### Instructions for the task
Among the entries below, find the line with "Bear Toy Walking" and the line with "Home Theater Sound". Return exactly those lines and every line between them, but no pictures.

### Entries provided

Content starts

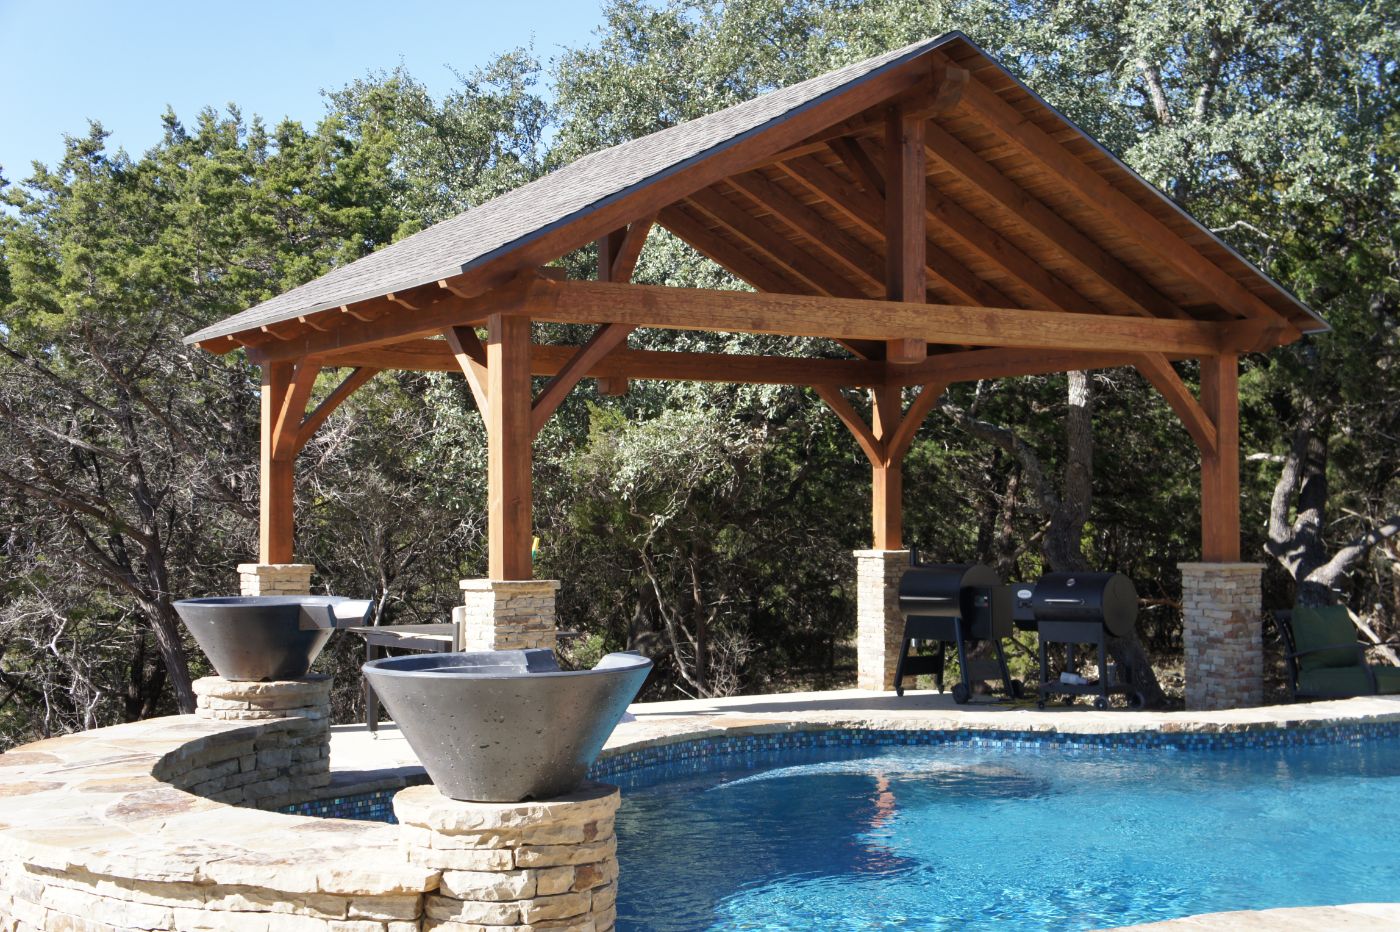 23 x 17, concrete or cement pad, patio furniture, kitchen or outdoor kitchen, barbecue or grill, residential, poolside or swimming pool, cabana, outdoor living, entertaining, pool house, shade structure, pavilion builder or pavilion contractor, pavilion kit, wood pavilion
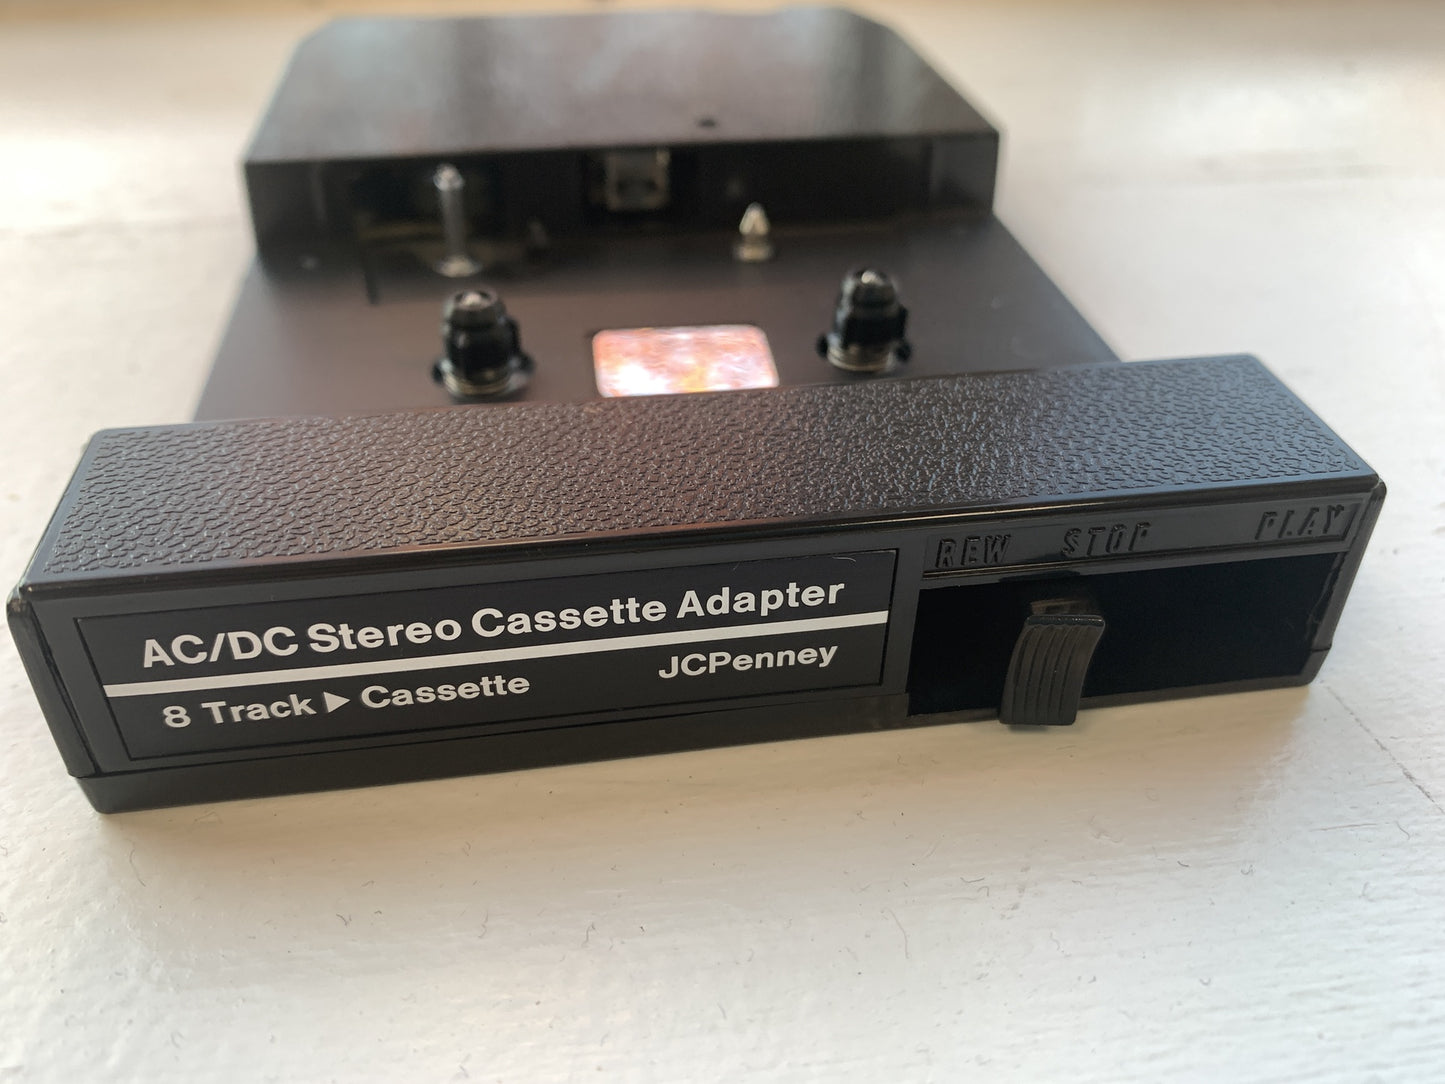 AC/DC Stereo Cassette Adapter Eight Track to Cassette
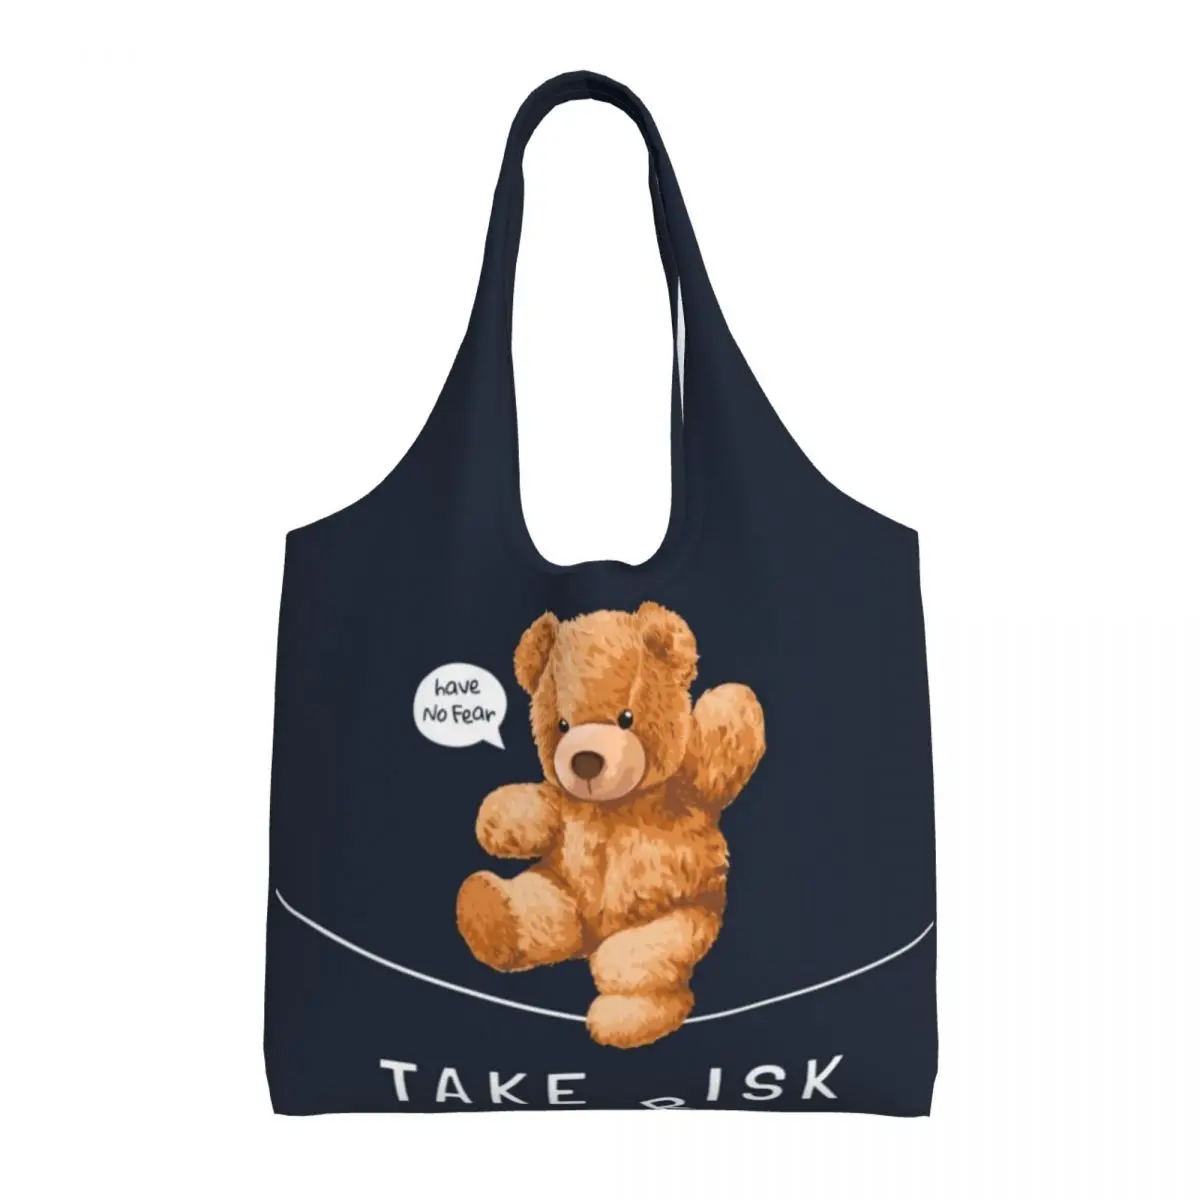 

Bear Toy Walking On String Shopping Bag Have No Fear Take Risk Shopping Female Handbag Gifts Retro Polyester Bags
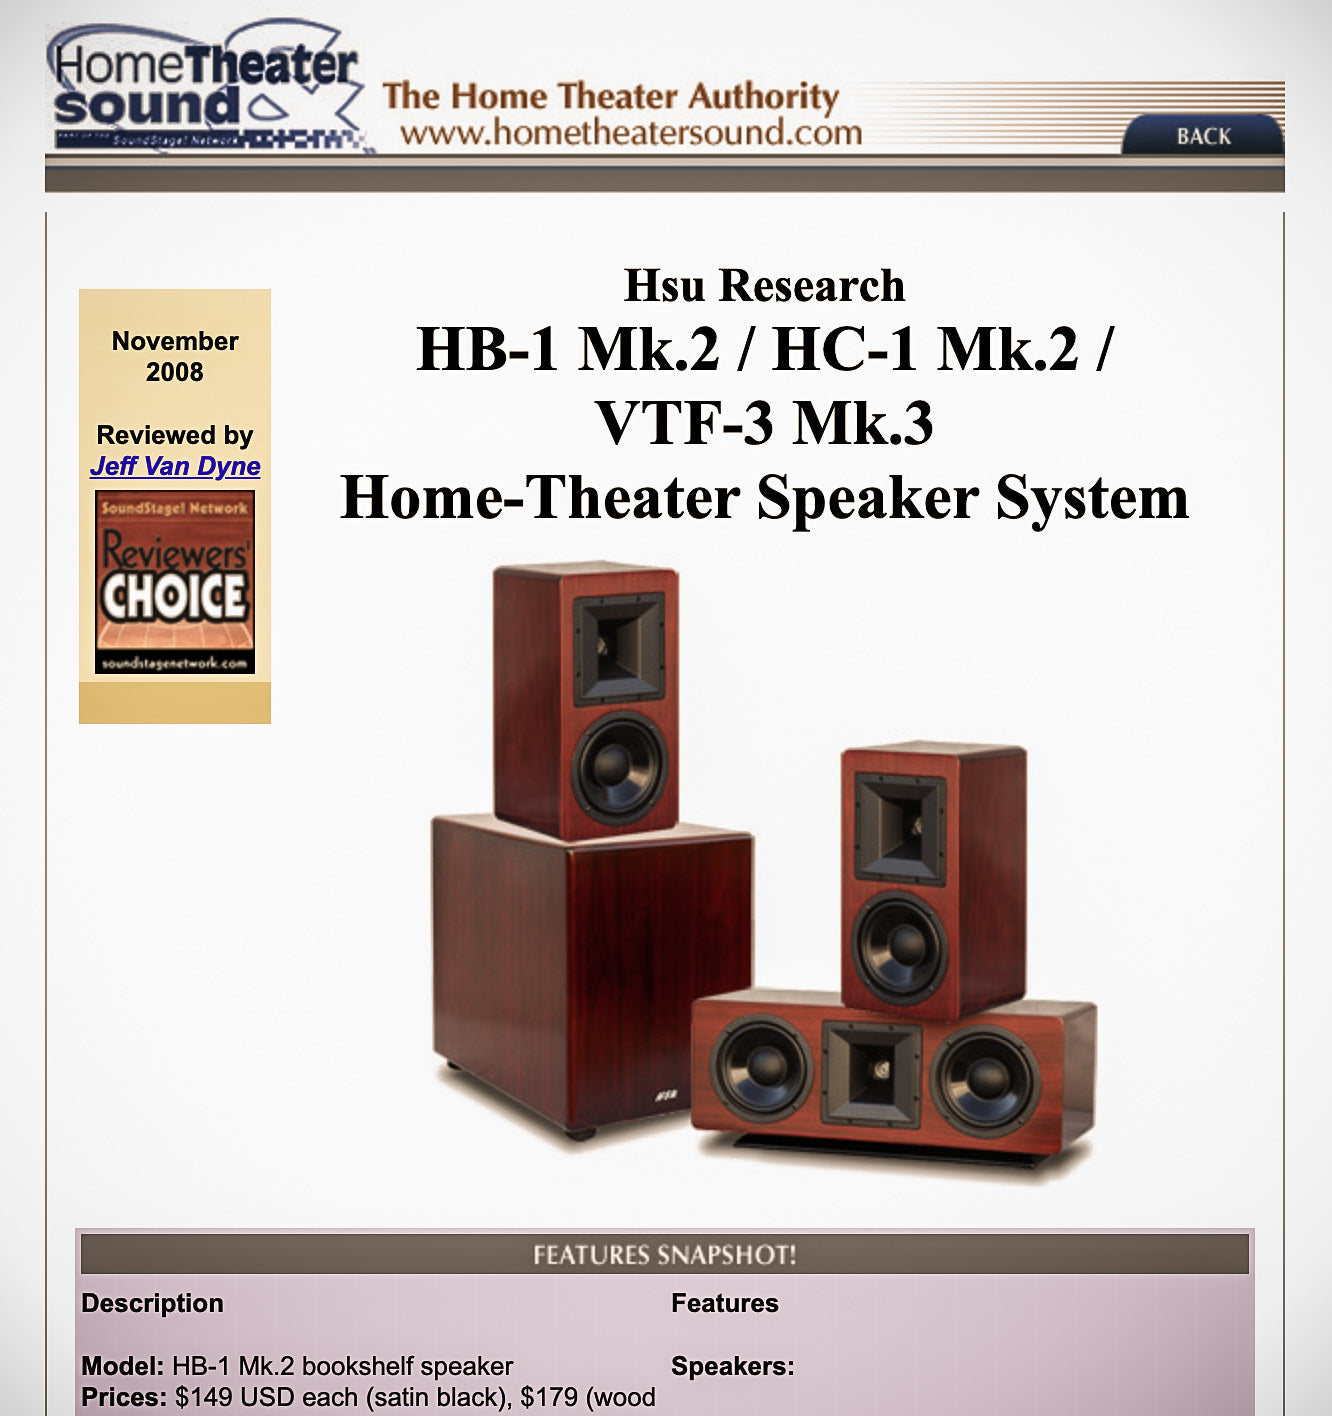 Home Theater Sound 2008 Product of the Year - HB-1 Mk.2 / HC-1 Mk.2 / VTF-3 Mk.3
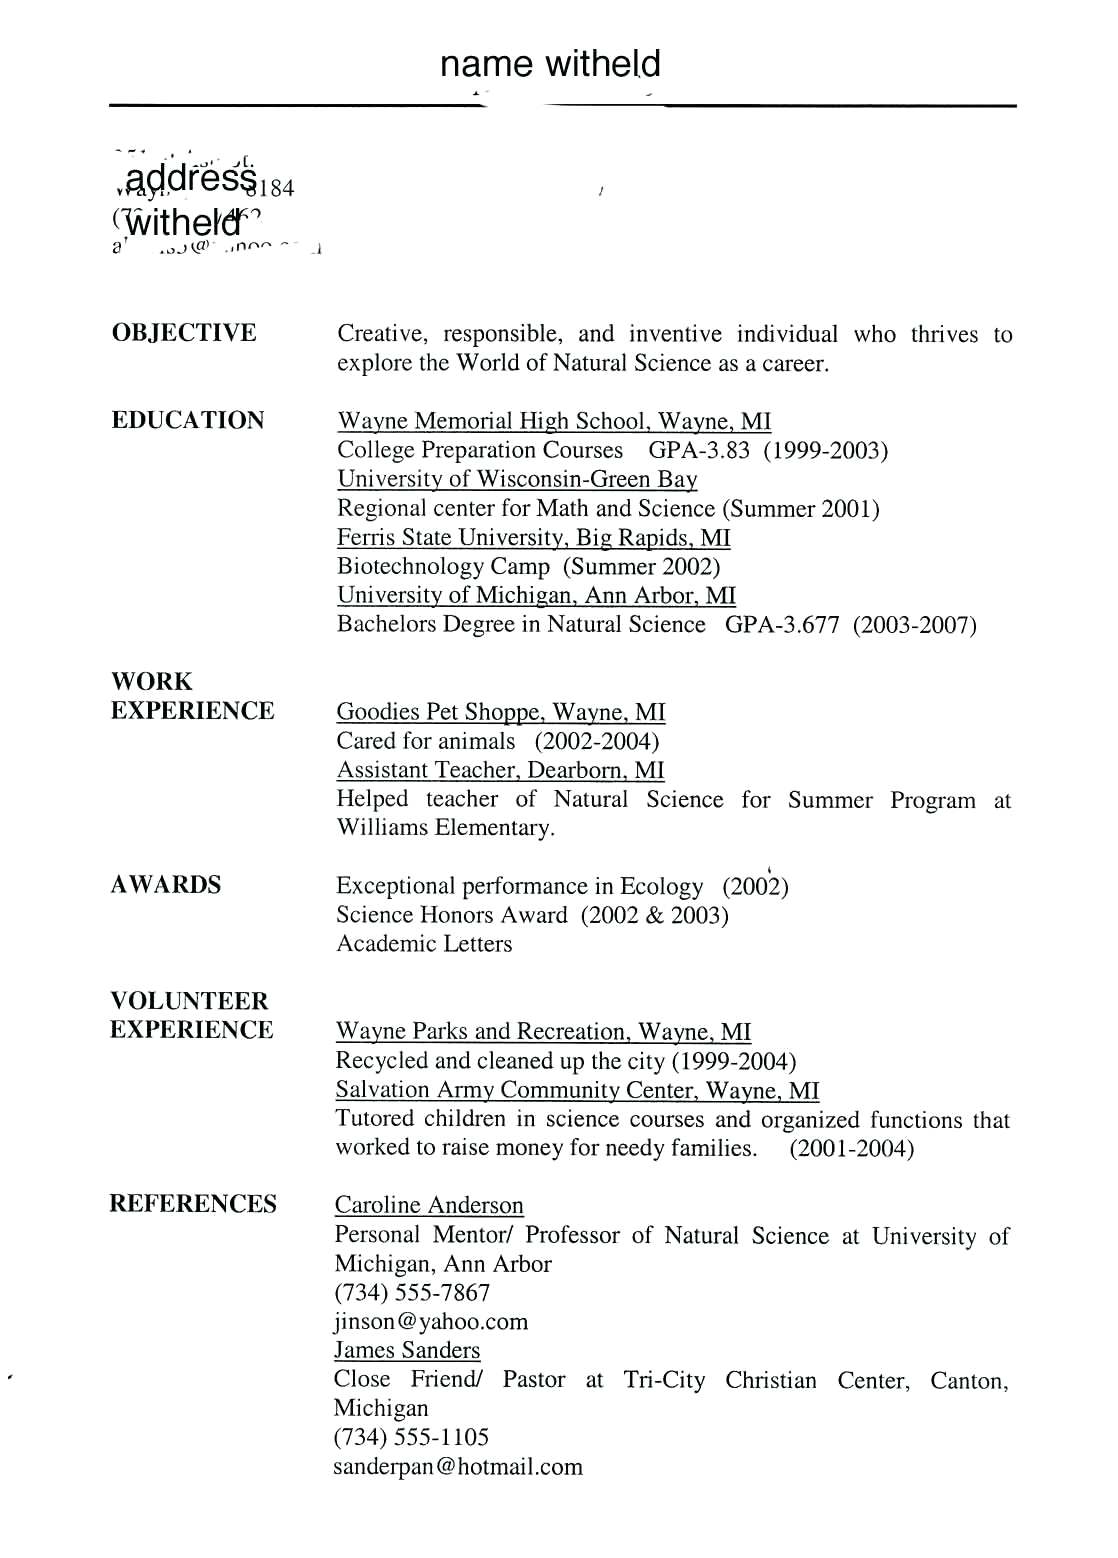 Resume For High School Student College Resume For High School Students Math Essay For Or Against Nuclear Power Buy Mathematics Student Resume Sample Objective Samples Summer Job It Examples Students resume for high school student|wikiresume.com

Content ends

### Written answer
Bear Toy Walking On String Shopping Bag Have No Fear Take Risk Shopping Female Handbag Gifts Retro Polyester Bags
 Home Theater Sound 2008 Product of the Year - HB-1 Mk.2 / HC-1 Mk.2 / VTF-3 Mk.3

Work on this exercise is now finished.